Last year in Fiji, I met entire communities that were flattened by cyclones and had to relocate because they were going to get locked out of future aid if they re-built their homes on the same location. Are there any protections or finance currently for communities like that?

That’s exactly what we are fighting for here at these negotiations. It’s the whole era of loss and damage, as we call it, so those people need to be compensated. There are people who have been forced away from their homes. People are moving from their villages to towns, and from towns to big cities, and sometimes they are pushed out of the country, and there are no protections available for them. Their human rights are not being recognized. They need to have protection mechanisms from local to international levels. So this is another fight that we are having at the U.N. level. The progress on the loss and damage stream is going to determine how we are going to help people who are being affected over and over again.

Some rich countries like the United States and Australia are still pushing back against the concept of loss and damage.
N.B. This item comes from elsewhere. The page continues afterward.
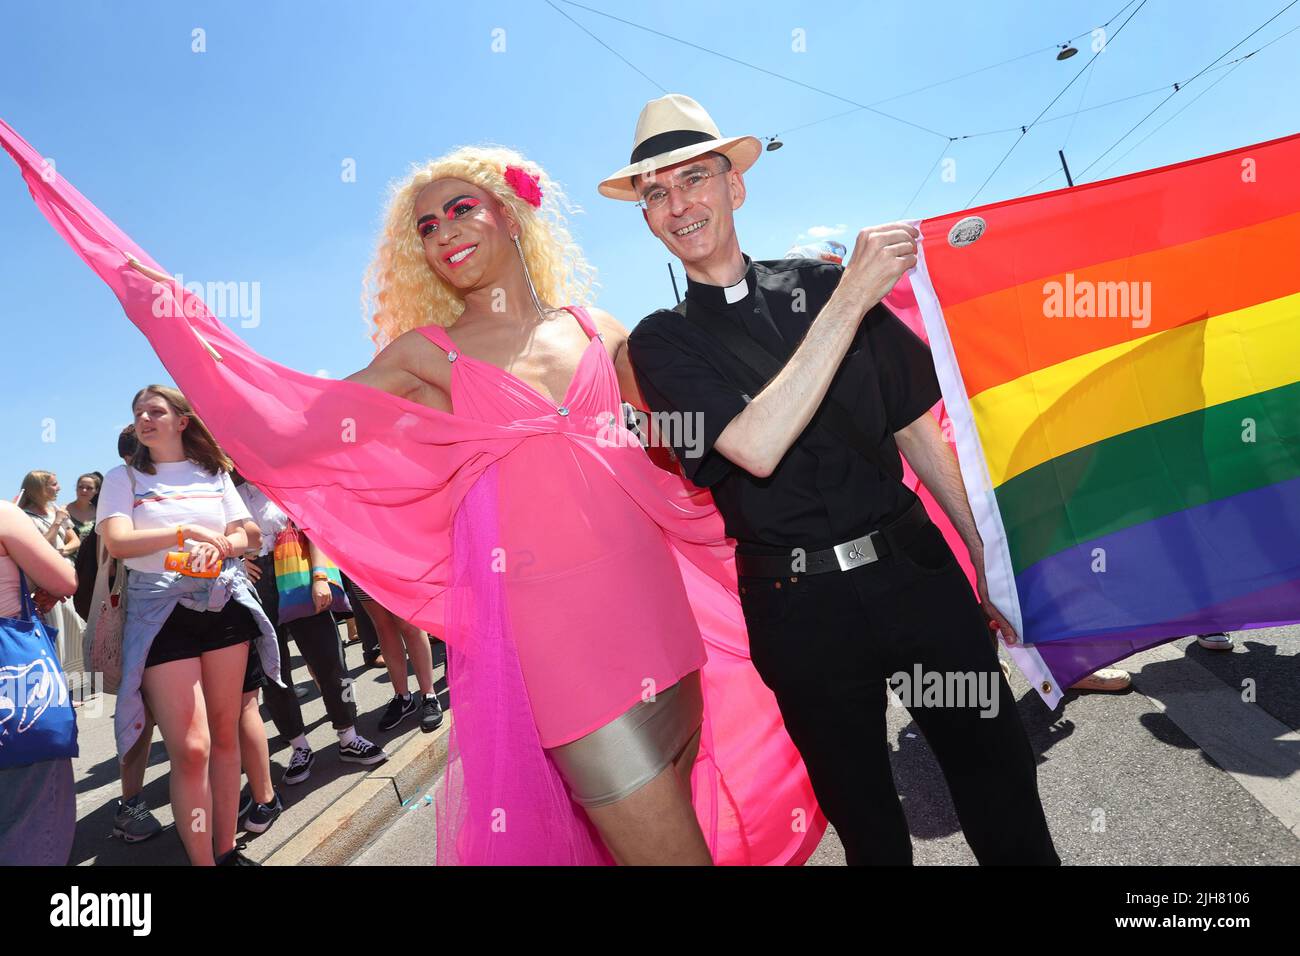 Munich, Germany. 16th July, 2022. Wolfgang Rothe, Catholic priest (r), takes part in the Christopher Street Day (CSD) parade in the city center. Catholic priest Wolfgang Rothe wants to set an example with an appearance at this year's CSD parade in Munich. The CSD motto is 'Less me, more we.' The CSD is intended to remind people of the rights of lesbians, gays, bisexuals, transgender, intersex and queer people. Credit: Karl-Josef Hildenbrand/dpa/Alamy Live News Stock Photo

How much sway does the U.S. have over negotiations now that it is planning to withdraw from the agreement?

Unfortunately, it still remains part of the convention and it’s doing a lot more arm-twisting to make sure it has no obligation whatsoever. That’s the whole game it’s playing to make sure that some of these elements [of finance] remain under only the governance of the Paris Agreement—because they are pulling out of the Paris Agreement but they will still remain part of the [UNFCCC]. So [American negotiators] are playing a game in these negotiations to completely shirk the responsibility that they have as a member of the U.N.

Earlier it was just the U.S. Now, they have Australia; they have Japan siding with them; they have the European Union sitting quiet. So this virus is spreading, which can be very toxic for any progress to happen.

How does the U.S. still have so much influence over an agreement it doesn’t want to be a part of?

Money [equals] power. Let’s understand, climate negotiations are not happening in isolation. In fact, the majority of climate negotiations are more like trade negotiations. If you look at mitigation and renewable energy technologies, some of these rich countries are looking at it as a new market opportunity. They’re not looking at it as a responsibility to protect people and climate. For them, it’s a game to earn more money, create new markets.

Climate negotiations are so intertwined with trade negotiations, so they do all kinds of arm-twisting and blackmailing to make sure they get what they want to get out of these negotiations. But developing countries are pushing really hard, because it’s not just about their economy. It’s about their survival now, and the writing is on the wall: The IPCC report has made it absolutely clear we are moving toward a doomsday situation if we don’t act now. We are at a stage where we will see a lot more mobilization happening in developing countries, which has already started, and even governments are going to take very strong actions against rich countries if they continue with their game.

This interview has been edited for length and clarity.